Dictate directly into Markdown using [Mistral's Voxtral](https://mistral.ai/) speech-to-text. Insert headings, lists, to-dos and other elements by voice, correct text inline or on the fly, use real-time streaming or batch tap-to-send. Supports transcription in 13+ languages.

### Get going in under a minute
1. Install and paste your [Mistral API key](https://console.mistral.ai/)
2. Press `Ctrl+Space` (desktop) or tap the mic icon (mobile)
3. Start talking — say *"heading 2"*, *"new bullet"*, *"for the correction: ..."* as you go
4. Like it? [☕ Buy Me a Coffee](https://buymeacoffee.com/maxonamission)

## Why Voxtral?

Voxtral is purpose-built for transcription, not retrofitted from a general audio model. Three things that matter for dictation:

- **Low word error rate on hard audio** — handles background noise, accents, and technical jargon well, including on continuous speech
- **Streaming-first** — designed for low-latency partial results, which is what makes "text appears as you speak" feel real-time instead of stuttery
- **Multilingual by design** — 13+ languages with consistent quality, not English-first with the rest bolted on

If you're choosing between speech-to-text models for dictation specifically (rather than, say, post-hoc transcription of meeting recordings), this is a strong fit.

## Features

- **Real-time streaming** (desktop) — text appears as you speak
- **Batch mode with tap-to-send** (desktop + mobile) — send audio chunks while you keep talking
- **Voice commands** — insert headings, bullet points, to-do items, numbered lists, and more by voice
- **13 languages** — voice commands automatically adapt to the selected language; English always works as fallback (Dutch, English, French, German, Spanish, Portuguese, Italian, Russian, Chinese, Hindi, Arabic, Japanese, Korean)
- **Voice command help panel** — shows available commands and trigger phrases for the active language
- **Auto-correction** — spelling, capitalization, and punctuation are automatically corrected after recording
- **Inline correction instructions** — say "for the correction: ..." and the corrector will follow your instructions
- **Self-correction recognition** — "no not X but Y" is handled automatically
- **Mishearing correction** — common speech recognition errors are fixed automatically per language
- **Microphone selection** — choose which microphone to use
- **Auto-pause on focus loss** — configurable behavior when switching apps on mobile
- **Configurable Enter-to-send** — optionally use Enter as tap-to-send when the mic is live (batch mode)
- **Typing cooldown** — adjustable delay before the mic resumes after typing

Need coffee to process all this?
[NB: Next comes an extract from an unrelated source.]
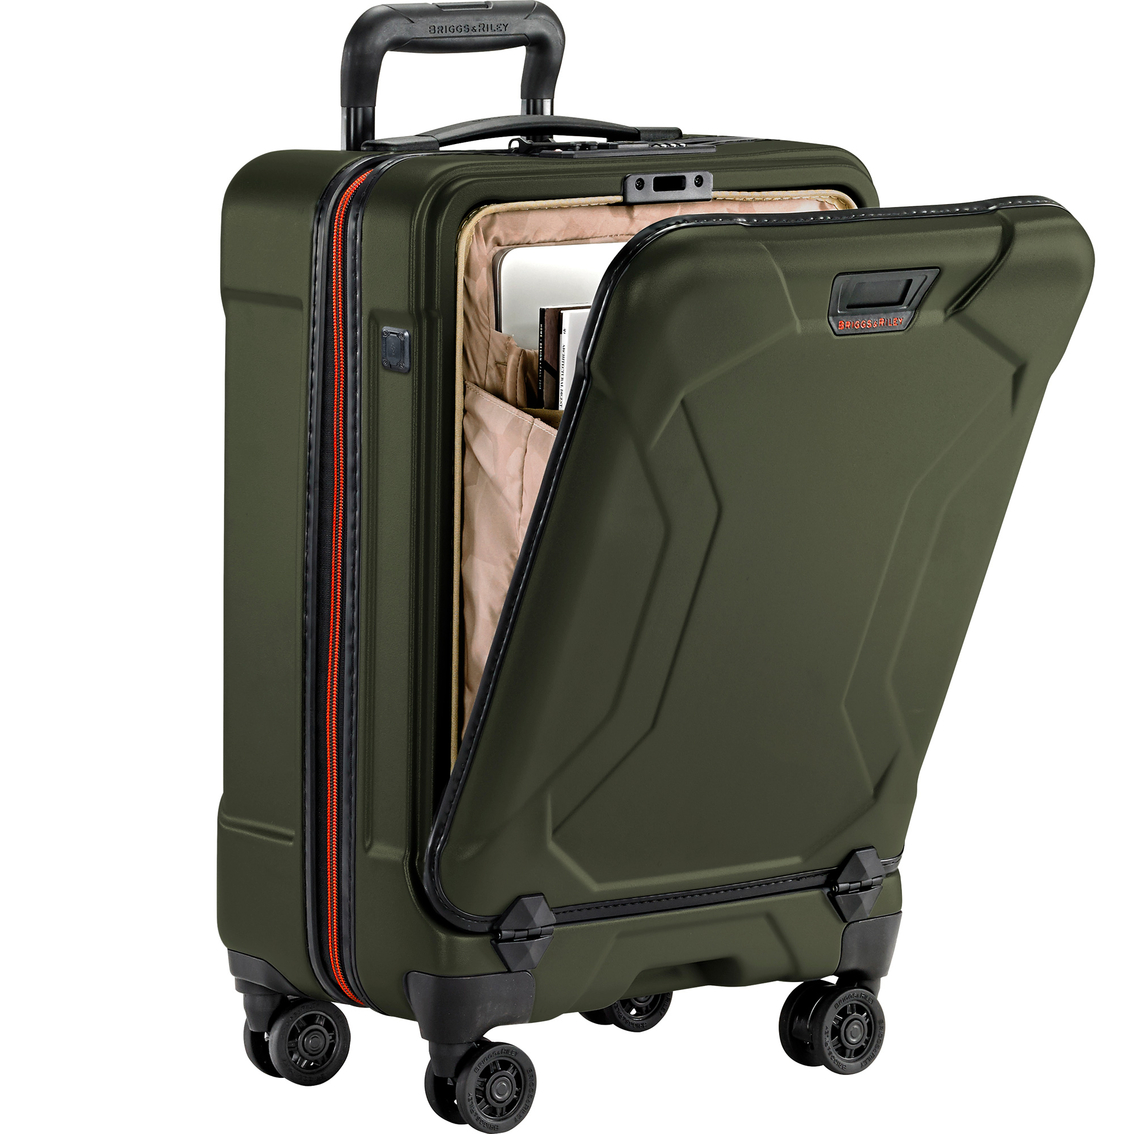 Briggs & Riley Torq 21 in. International Carry-On Spinner - Image 6 of 10

Me too. [☕ Buy Me a Coffee](https://buymeacoffee.com/maxonamission)

## Requirements

- **Obsidian** v1.0.0 or newer
- **Mistral API key** — free to create at [console.mistral.ai](https://console.mistral.ai/)

## Installation

### From Community Plugins (recommended)

1. Open **Settings** > **Community plugins** > **Browse**
2. Search for "Voxtral Transcribe"
3. Click **Install**, then **Enable**
4. Go to **Settings** > **Voxtral Transcribe** and enter your Mistral API key

### Manual installation

1. Download `main.js`, `manifest.json`, and `styles.css` from the [latest release](https://github.com/maxonamission/obsidian-voxtral/releases/latest)
2. Create a folder `.obsidian/plugins/voxtral-transcribe/` in your vault
3. Copy the three files into that folder
4. Restart Obsidian and enable the plugin in **Settings** > **Community plugins**

## Usage

### Desktop (real-time mode)

1. Open a note
2. Click the microphone icon in the ribbon, or press **Ctrl+Space**
3. Start speaking — text appears live in your note
4. Click the microphone again or say **"stop recording"** to stop
5. Auto-correction runs automatically if enabled

### Mobile (batch mode)

On mobile, only batch mode is available (real-time streaming requires Node.js).

1. Open a note
2. Tap the microphone icon to start recording
3. Tap the **send icon** in the view header to transcribe the current audio chunk — the recording keeps going
4. On desktop, press **Enter** while the mic is live (not typing) to send a chunk (if *Enter = tap-to-send* is enabled)
5. Keep talking and tap/press send again for the next chunk
6. Tap the microphone to stop — the last chunk is processed automatically

### Voice commands

Voice commands are recognized at the end of a sentence. Commands automatically adapt to the language selected in settings — the table below shows examples in English, but equivalent phrases are available in all 13 supported languages. Open the **Voice Commands** help panel (ribbon icon or command palette) to see the exact phrases for your active language.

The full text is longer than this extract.